One project can't turn a town around

Camden's newest next big thing will be an $82 million waterfront practice palace for the 76ers.

I'm glad that many folks in this rather sad old town are thrilled to have landed a brand-name development. But I'm troubled by the resiliency of the myth of the megaproject.

Consider the Commerce Building, an eight-story landmark at Broadway and Federal. Vacant for decades (the bustling ground-floor pizzeria is pretty much the sole slice of life), the building was once hailed as the salvation of downtown.  And the notion that buildings alone can rebuild a community has stubbornly endured.

Perhaps that's because so much of downtown has lain fallow since being obliterated by various redevelopment schemes, most of them grandiose, ill-advised and unrealized, in the 1960s and '70s. What's been built is a smattering of 'object' structures -- solo acts that are set back from the street, far apart from each other and disconnected from their surroundings. These institutional, non-profit, publicly subsidized developments are  lonely  islands amid a sea of parking lots and too-broad boulevards.
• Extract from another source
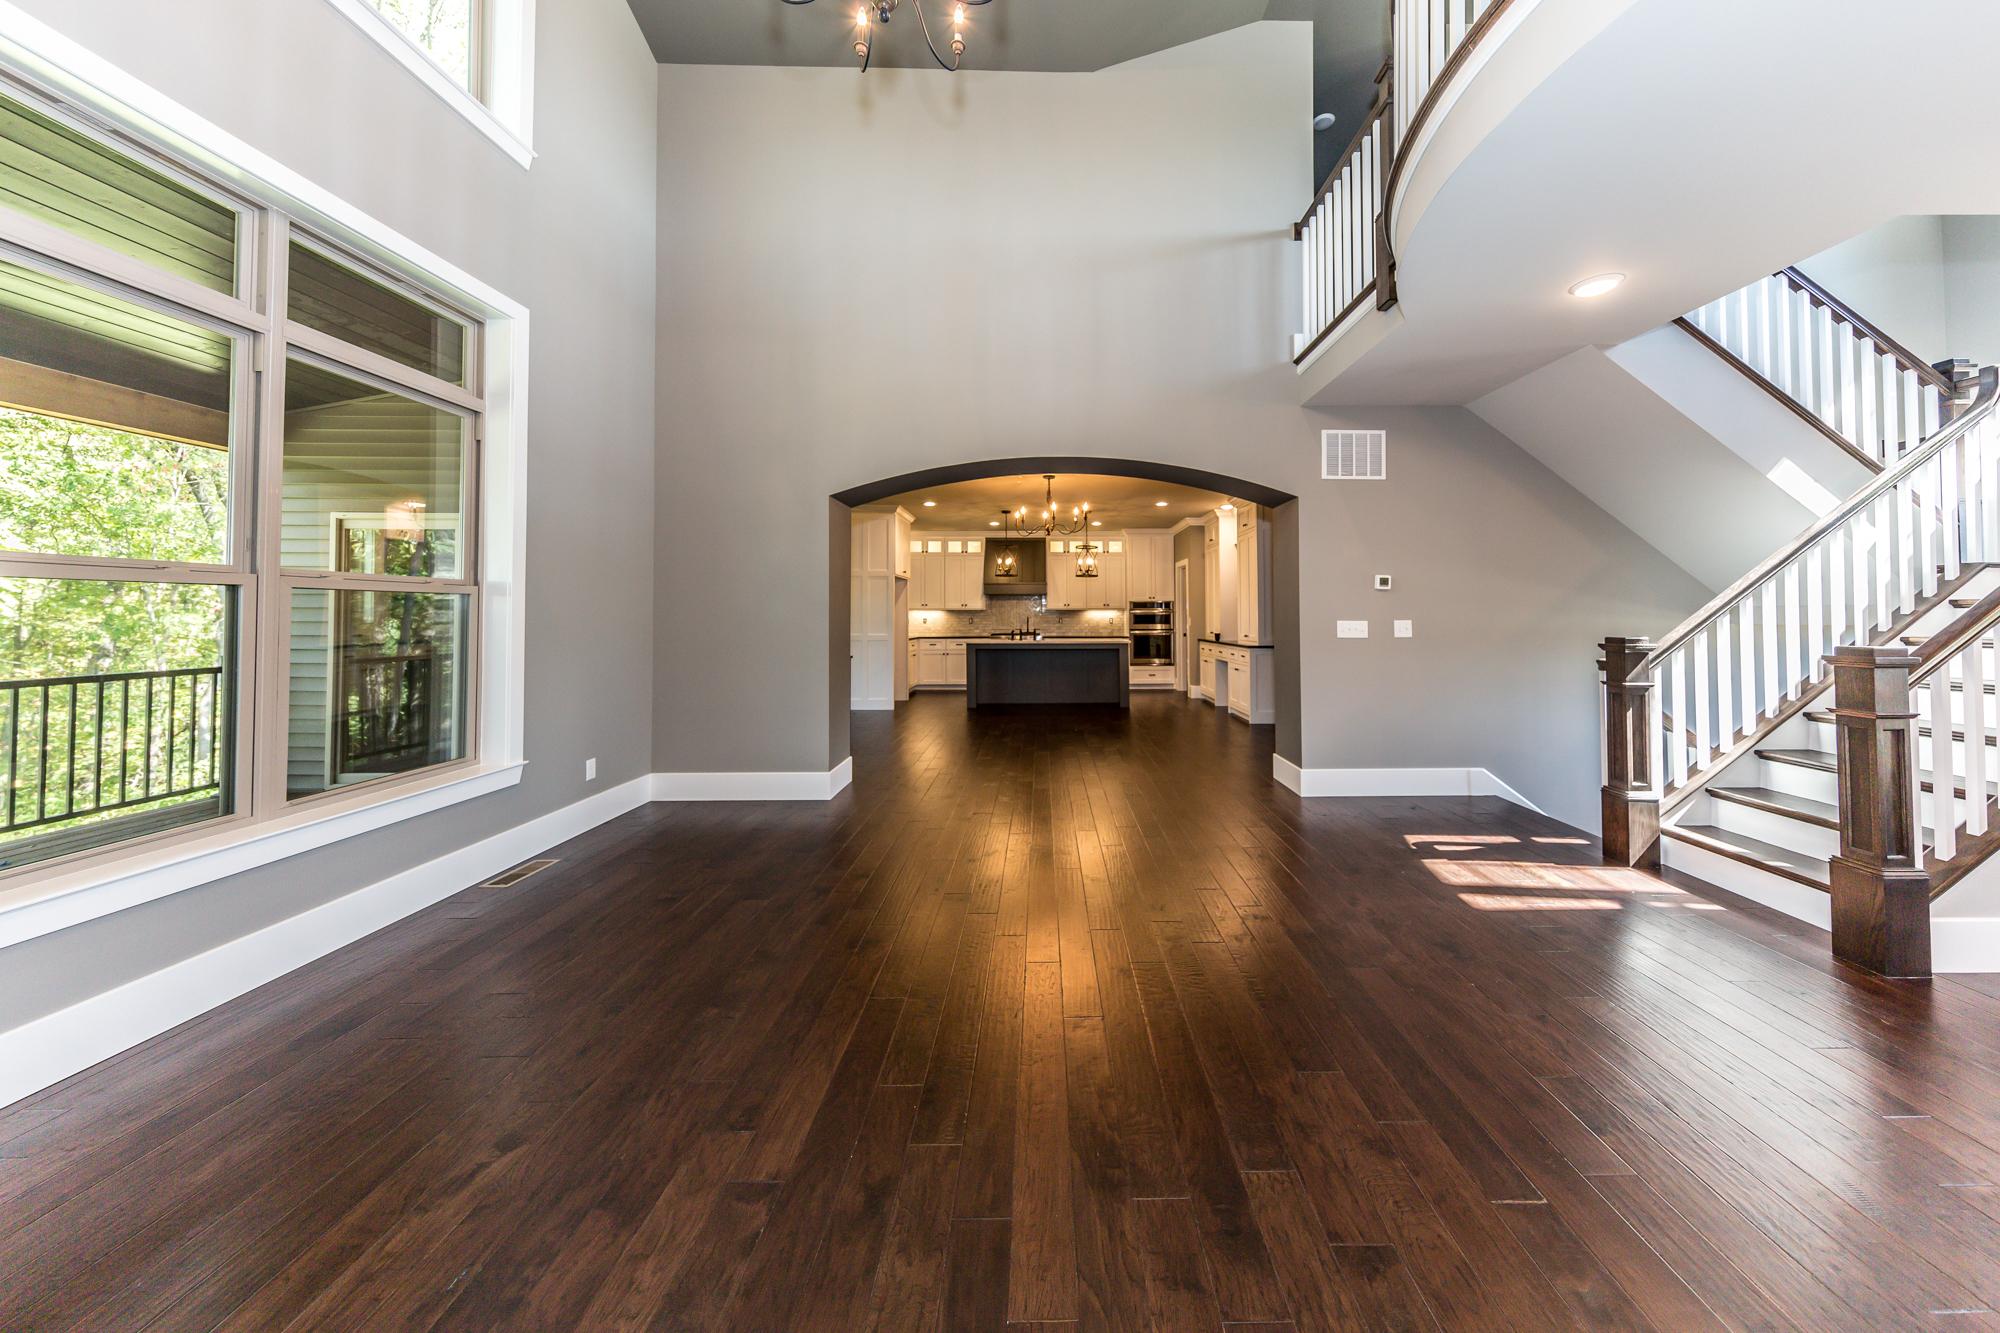 2-Scott-AFB-Real-Estate-For-Sale-O'Fallon-Illinois-62269-4.jpg

So I'm more heartened by the city's newest neighborhood planning effort, launched Tuesday, than by the prospect of a (purportedly) job-creating and, undoubtedly, thoroughly fortified NBA outpost. The Cooper-Grant/Central Waterfront Neighborhood Plan promises not grand edifices, but a process to tap into and connect the clusters of residents, churches and other elements of community life that have survived -- despite the megaprojects around  them.